MULTİMEDYADAKİ ALLİSON! İYİ OKUMALAR!
Allison'ın Ağzından
dudaklarından ne kadar ayrılmak istemesemde nefesim kesildiği için ondan ayrıldım.belimdeki eli hala belimi okşuyordu.yüzüne baktığımda ise hain bir sırıtış vardı.tapılası gözlerinde belirleyemediğim bir parlayış vardı.evet mutluydum ama pişmandım da.fakat beni mutlu edenin yanında olmam lazımdı.brad ile deneyeceğim desemde ve aklım Brad diye bağırsada,ben kalbime uyarak justin diyeceğim.

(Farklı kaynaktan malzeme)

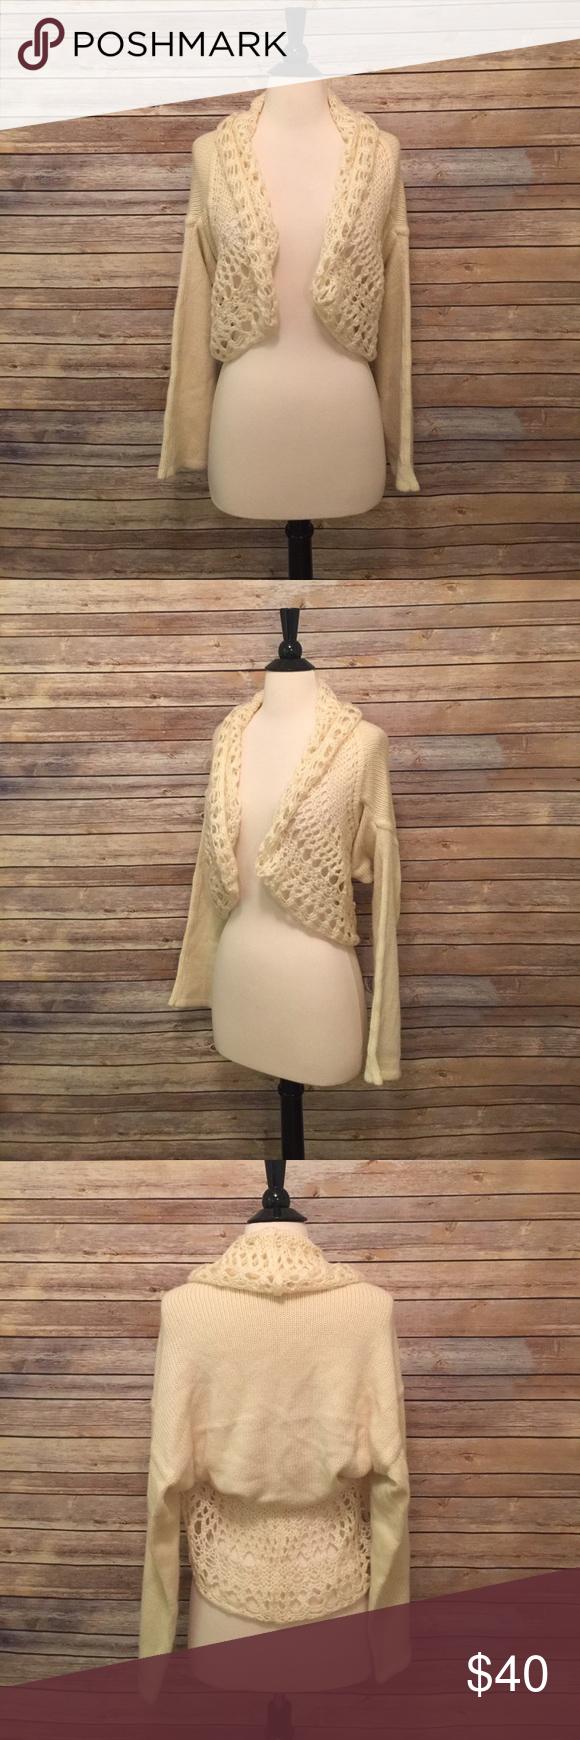 Anthropologie Sleeping on Snow Shrug Sweater
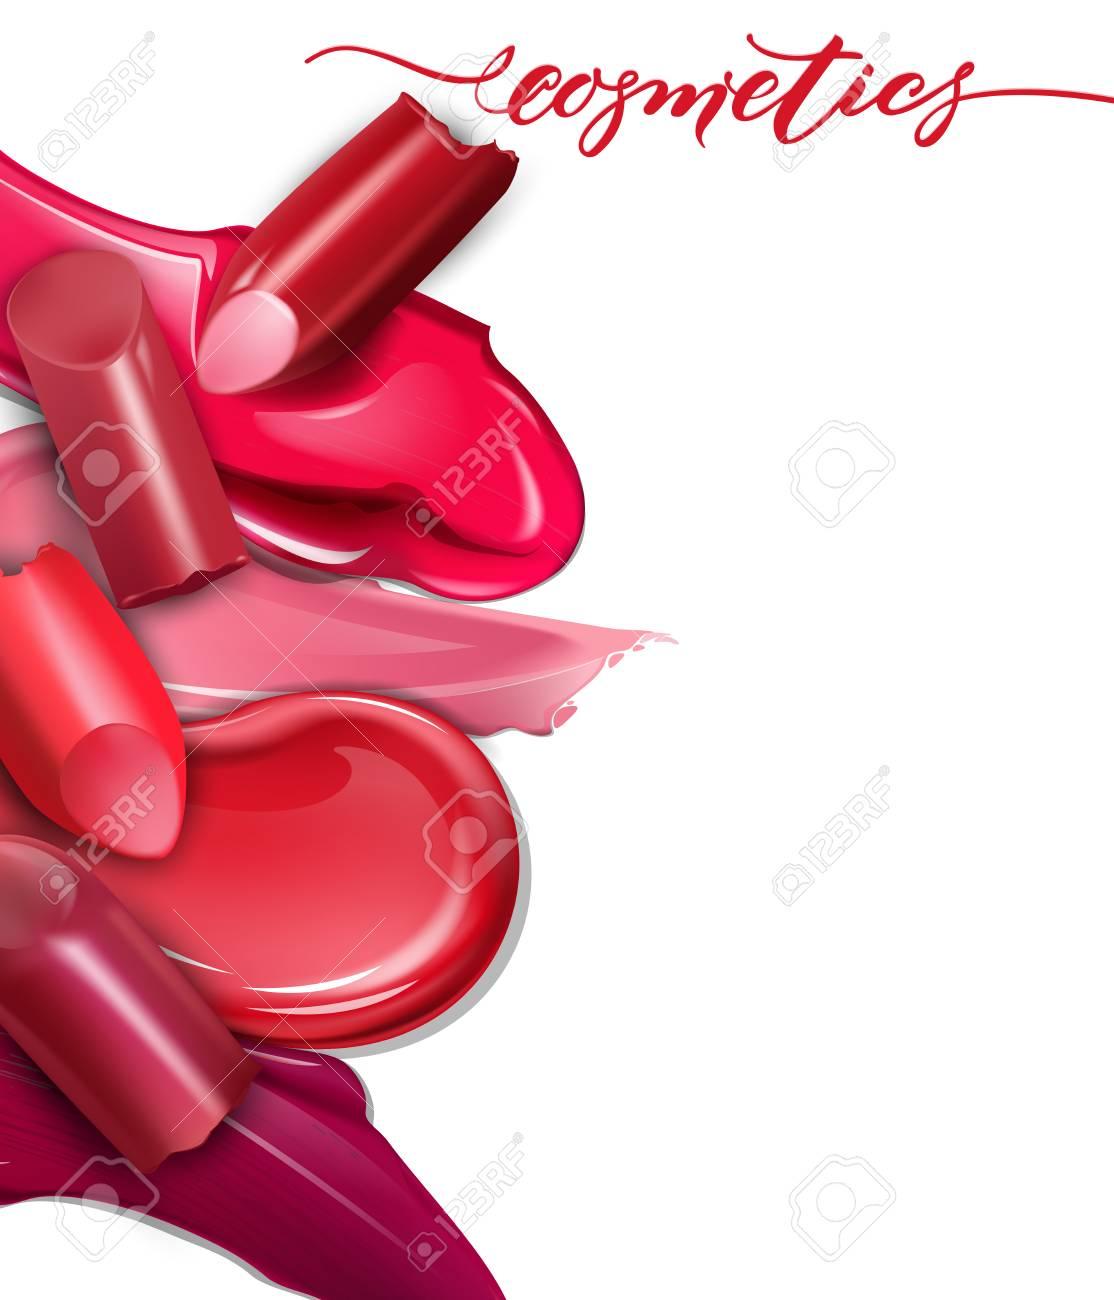 broken lipsticks closeup and

ben bunları düşünmeye dalmışken,justin hiçbir şey demeden gözlerimi gözlerinden ayırmayarak kapıdan çıkıp gitti.yaşadıklarımı hala atlatamamış bir halde buraya neden geldiğimi hatırladım.şuan beyin hücrelerim ölmüş gibi hissediyordum.bacaklarım,ellerim her yerim titriyordu.kafamı toparlamaya çalıştım ve yine başaramadım.fakat okul zilinin lanet yüksek sesi ile irkildim.işimi hemen halledip gitmem lazımdı.odayı gözlerimle biraz taradıktan sonra 'kitaplar' yazan dolaba ilerledim.dolabı açtım ve bana lazım olan kitapları aldım.fakat hala kendime gelemedim.kafamda hala aptalca sorular vardı.
daha demin ne oldu?
justin ne hissetti?
justin nereye gitti?
neden beni öptü ki?
ve en önemlisi ben ne yapacaktım?
ağlamak istiyordum.ama en çok kafamı toparlamak istiyordum.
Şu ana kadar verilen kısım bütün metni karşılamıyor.